THE PROBLEM => Your answer is the lines below, exactly, from the one that contains "Summer Clover (PPG1180-3)" through the one that contains "Castello visconteo sforzesco", both included.

MATERIAL PROVIDED =>
☆ ☆ ☆ ☆ ☆

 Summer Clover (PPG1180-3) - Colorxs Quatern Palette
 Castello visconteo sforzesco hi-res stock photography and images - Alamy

☆ ☆ ☆ ☆ ☆

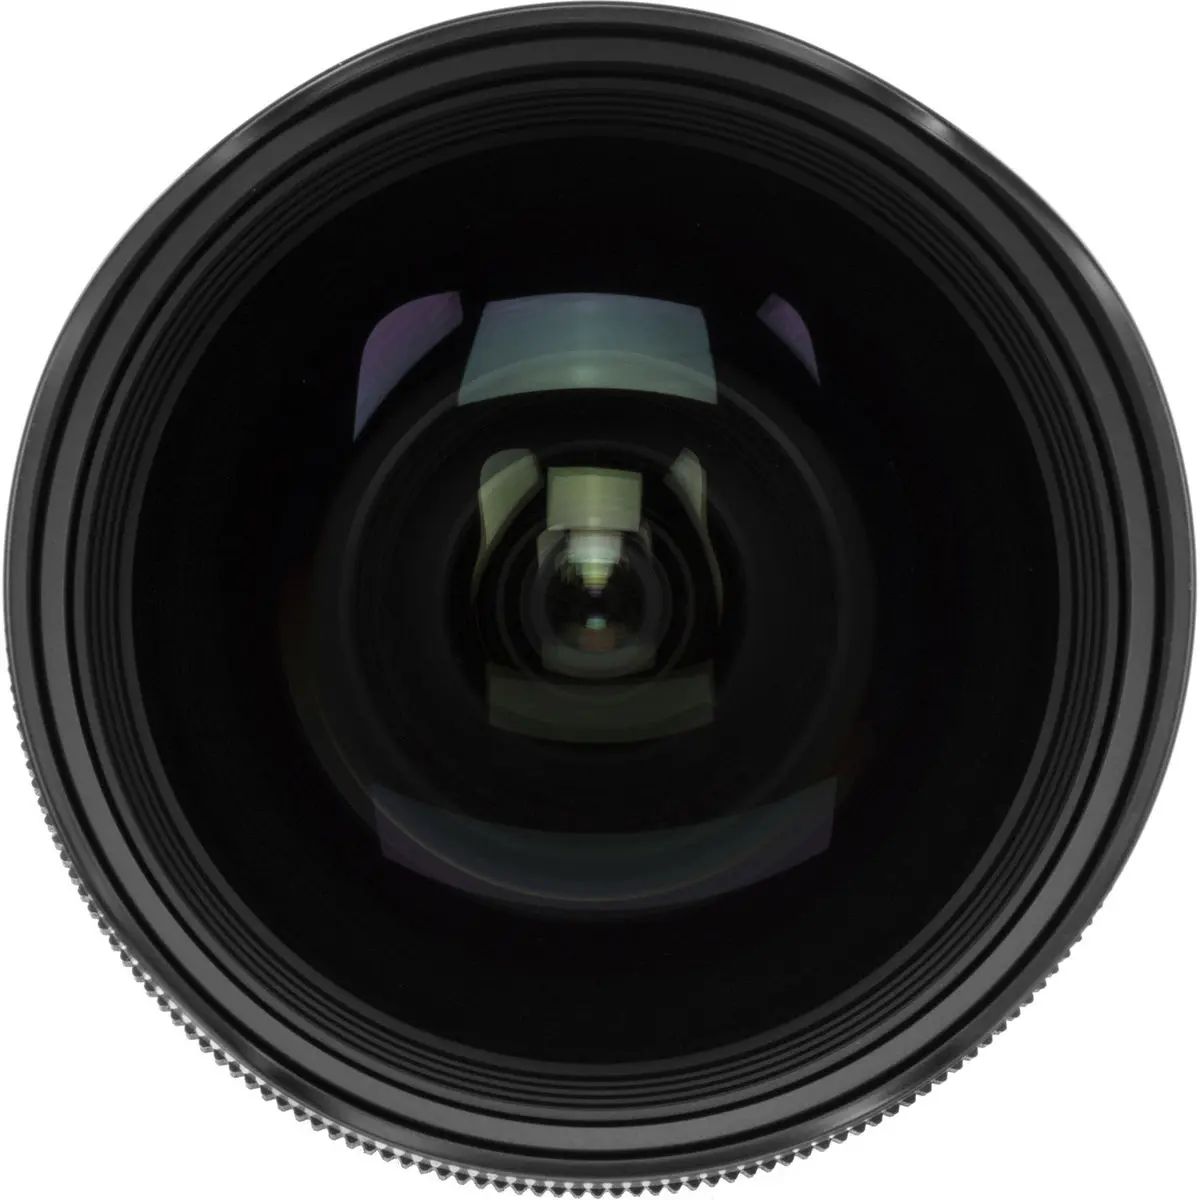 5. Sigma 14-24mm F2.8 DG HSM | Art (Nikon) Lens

☆ ☆ ☆ ☆ ☆

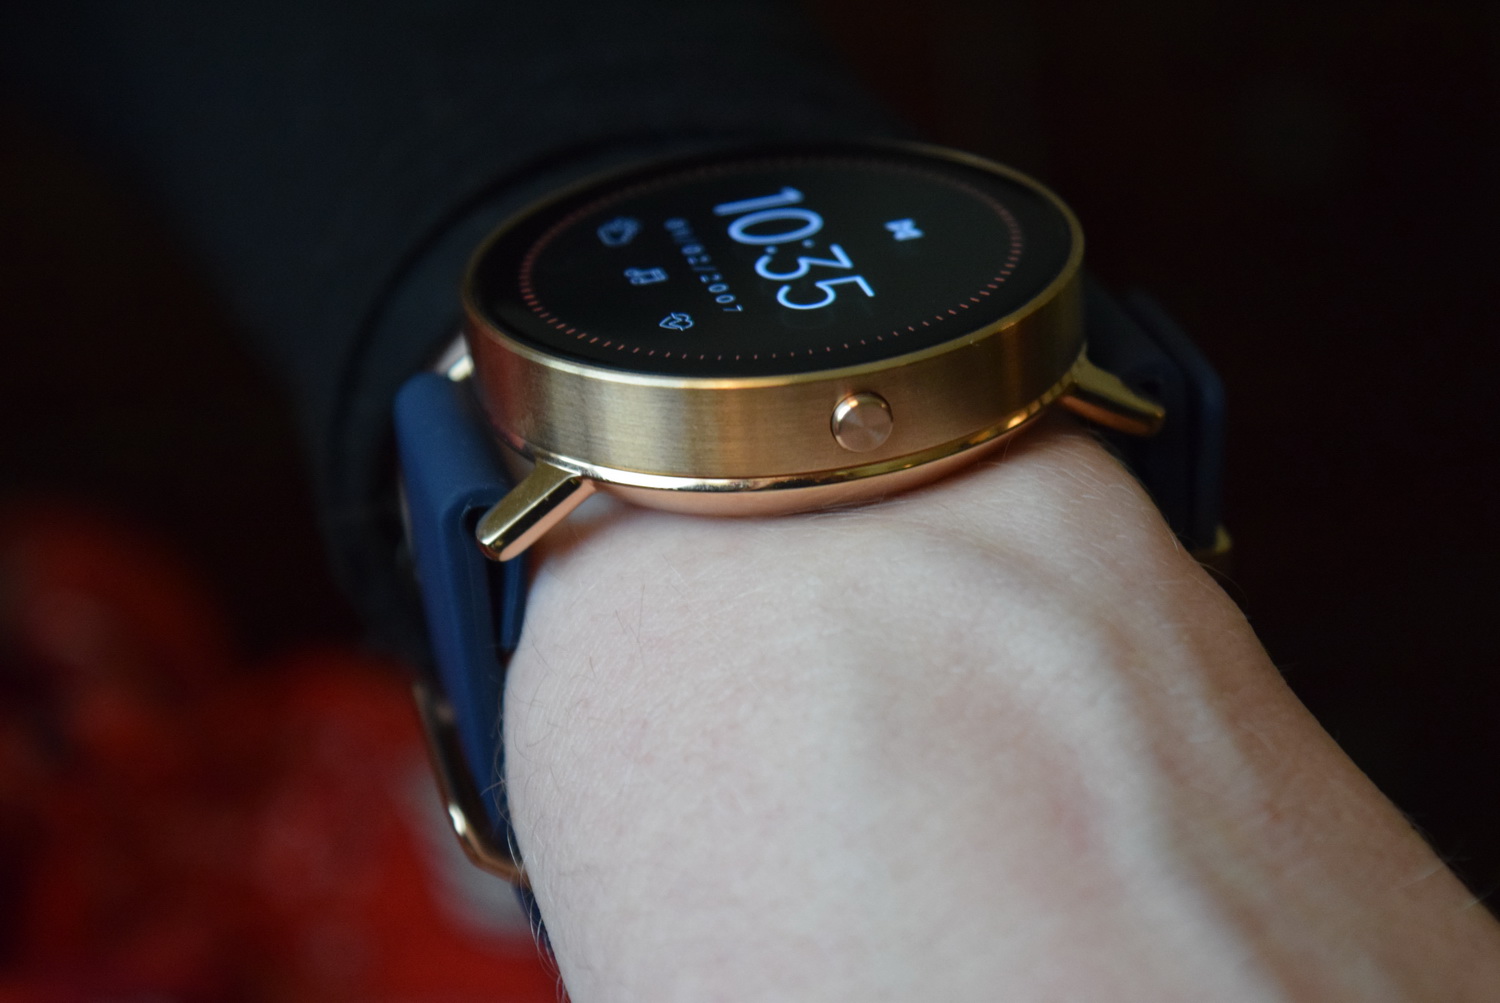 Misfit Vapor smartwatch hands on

☆ ☆ ☆ ☆ ☆

RESPONSE FOR THIS EXERCISE =>
 Summer Clover (PPG1180-3) - Colorxs Quatern Palette
 Castello visconteo sforzesco hi-res stock photography and images - Alamy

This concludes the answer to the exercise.